Monday, May 26, 2008

Risk Premium, and Peak Oil

Over the last year or so, the Telegraph Journal has regularly published the columns of Roy MacMullin, a Moncton-based energy writer and peak-oil disciple.

While his columns are interesting enough, they fail to convince this reader how a new world of very expensive oil barrels will fundamentally change public policy in New Brunswick (even if this economic fact probably should). Apparently, this economic fact haven't caused much concern over at Irving Oil either, as plans for Eider Rock keep lurching forward.

My beef with peak oil? It focuses too much on geology, when the real issues policy-makers need to concern themselves with are over the environment and foreign affairs. While climate change gets most of the attention, the really smart analysis seems to focus on where more and more of our expensive oil comes from. Not surprisingly, NYT columnists and others are identifying petro-dictatorships as a key catalyst behind high summer gas prices.

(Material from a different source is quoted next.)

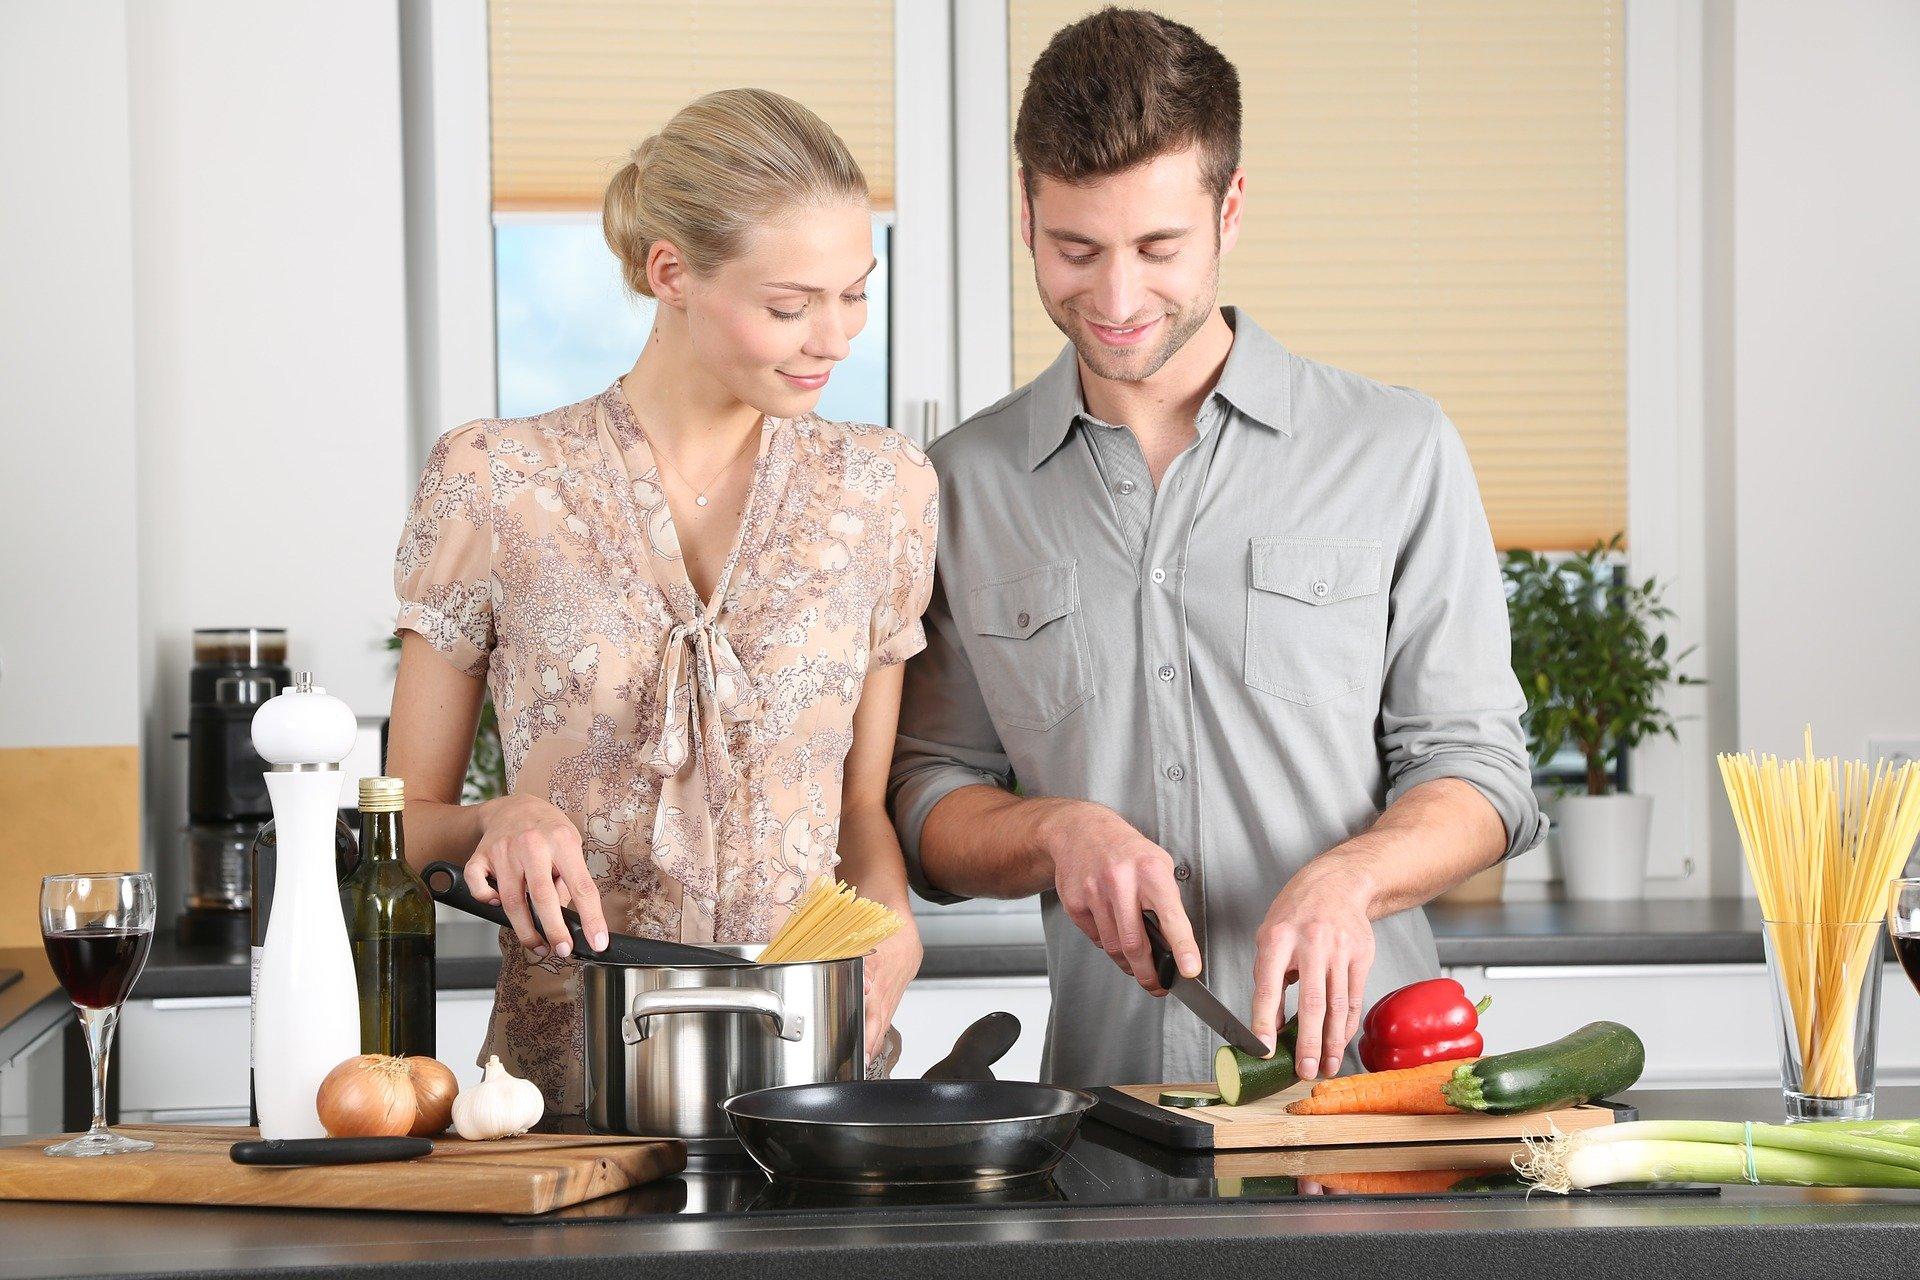 koken in keuken

A fantastic article in Texas Monthly puts a very human face behind the worsening oil economy, in the form of the story of a kidnapped oil worker in the petro-rich troubled Nigerian delta. No need for a geologist to explain tapped reserves here - as long as this oil-producer (and others) is torn by civil strife, that summer trip to Freeport is going to be more expensive, and millions of residents in petro-dictatorships will continue to suffer.

Wouldn't it be nice if New Brunswickers could pay a premium for fair-trade oil, like they do for their coffee? I know I'd feel better coughing up $70 at the pump, if I knew that the gasoline that was refined here in Saint John came from oil regions in which children could walk into their neighbourhood woods without coming across guerillas with automatic rifles.